Frauenmorde in Österreich haben sich von 2014 bis 2018 verdoppelt. Im Jahr 2022 wurden laut polizeilicher Kriminalstatistik 29 Frauen – häufig von ihren (Ex-)Partnern oder Familienmitgliedern – ermordet. 2021 wurden 13.690 Betretungs- und Annäherungsverbote (Kärnten 814) ausgesprochen. Im gleichen Jahr wurden 22.039 Opfer familiärer Gewalt von den Gewaltschutzzentren und Interventionsstellen aufgenommen.

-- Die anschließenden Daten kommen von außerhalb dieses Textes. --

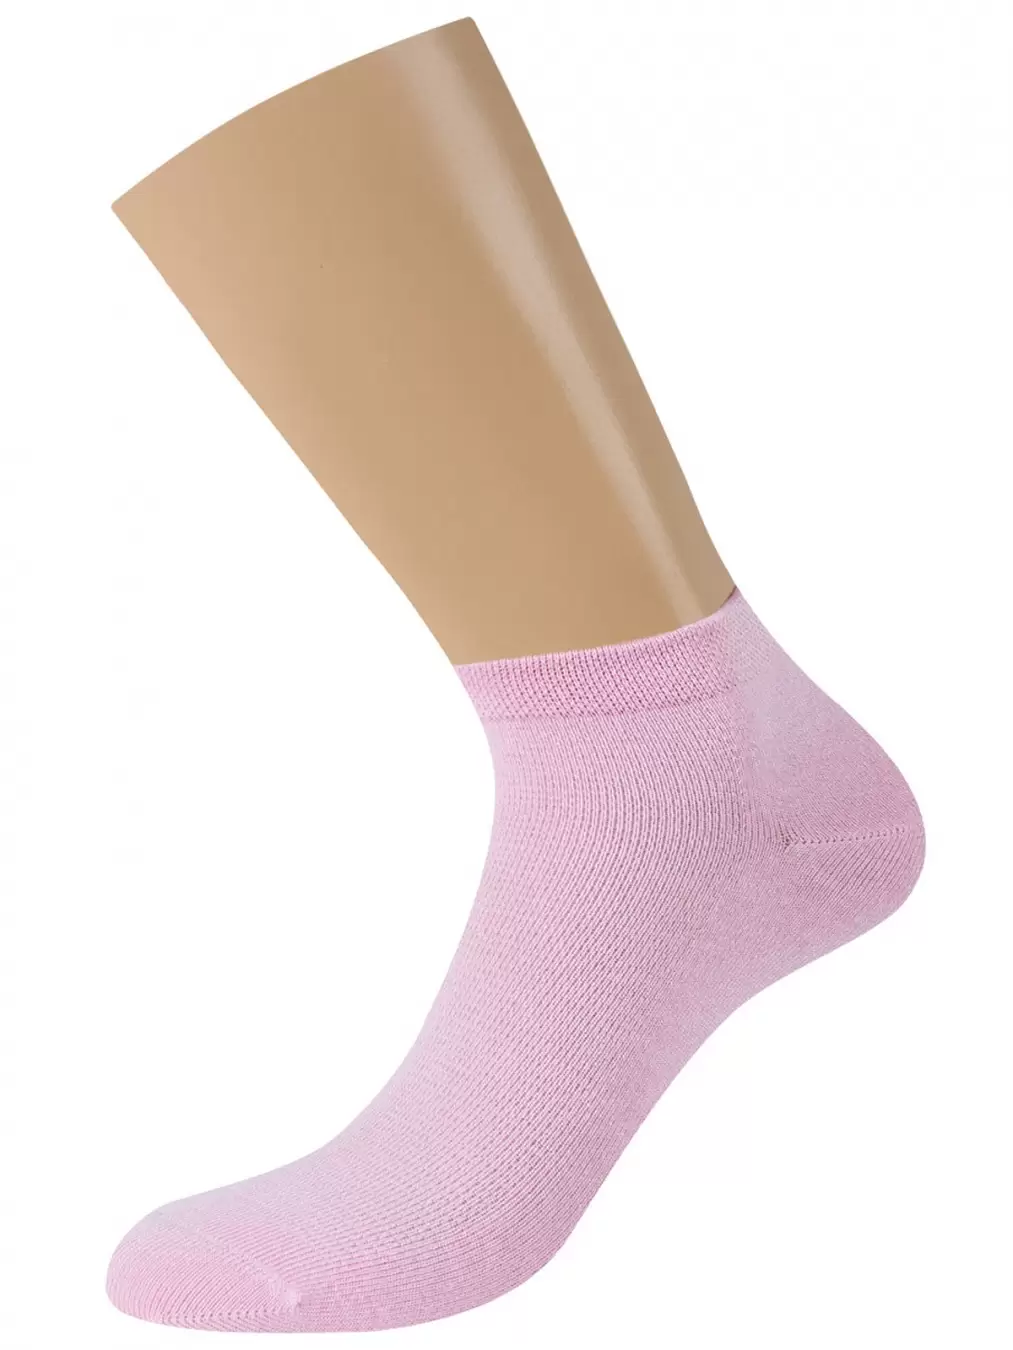 Minimi MINI BAMBOO 2201, носки женские (изображение 1)

Österreichweit wurden insgesamt 3.018 Personen (1.498 Frauen und 1.520 Kinder) in den Frauenhäusern betreut. 81,3 % der Betroffenen waren weiblich, 90,4 % der Gefährder waren Männer.

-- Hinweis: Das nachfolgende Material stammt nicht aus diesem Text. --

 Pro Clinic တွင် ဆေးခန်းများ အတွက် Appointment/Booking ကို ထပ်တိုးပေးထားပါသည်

Erschreckende Zahlen in Kärnten

In Kärnten wurden im Jahr 2022 129 Frauen und 96 Kinder in den Frauenhäusern in Klagenfurt, Villach, Lavanttal und in Oberkärnten aufgenommen. Die Gleichbehandlungsanwaltschaft verzeichnete 2020-2021 einen starken Anstieg an Anfragen: 4.962 Anfragen und damit fast 1.000 Anfragen mehr als in der Periode 2018-2019. Am häufigsten (1.975) betrafen die Anfragen Geschlechterdiskriminierung im Job, ein Drittel davon zu sexueller Belästigung. „Dies spiegelt sich auch in unserer Beratung wider“, so Goach und betont: „Anzügliche Worte, Gesten oder Nachrichten im Job sind leider keine Seltenheit mehr. Immer öfter bekommen wir Anfragen von Betriebsrätinnen und Betriebsräten, die uns einladen, zum Thema Belästigungen am Arbeitsplatz zu referieren und zu sensibilisieren.“

Die AK Kärnten fordert von der Bundes- und Landesregierung:

  • Gewalt muss früh erkannt und ernst genommen werden. Dafür braucht es eine gute Datenlage, um Gewalt(-strukturen) und Risikofaktoren in Beziehungen schnell zu erkennen. Es braucht auch mehr qualitative und quantitative Forschung zu den Gewaltursachen, insbesondere der Bedeutung von ökonomischer Abhängigkeit von Frauen.
  • Ein starkes Gewaltschutzsystem, das insbesondere auch Frauen mit Migrationshintergrund schützt. Entsprechend braucht es eine finanzielle Absicherung für den Ausbau von Frauen- und Gewaltschutzeinrichtungen.
  • Notwendig sind Schulungen der Justiz und der Exekutive in Bezug auf nachhaltigen Opferschutz, verstärkten Maßnahmenvollzug und Unterbringung.
  • Um das Männlichkeitsbild nachhaltig positiv zu verändern und die männliche Gewalt präventiv zu bekämpfen, müssen Männerberatungsstellen gewährleistet und finanziell abgesichert werden.
  • Kostenlose Therapieformen, um die Gewalterfahrungen verarbeiten zu können, fehlen. Die aktuellen Wartezeiten auf Psychotherapie auf Krankenschein beträgt 6 bis 8 Monate. Für Frauen mit Kindern braucht es Familienerholungswochen mit Therapiemöglichkeit.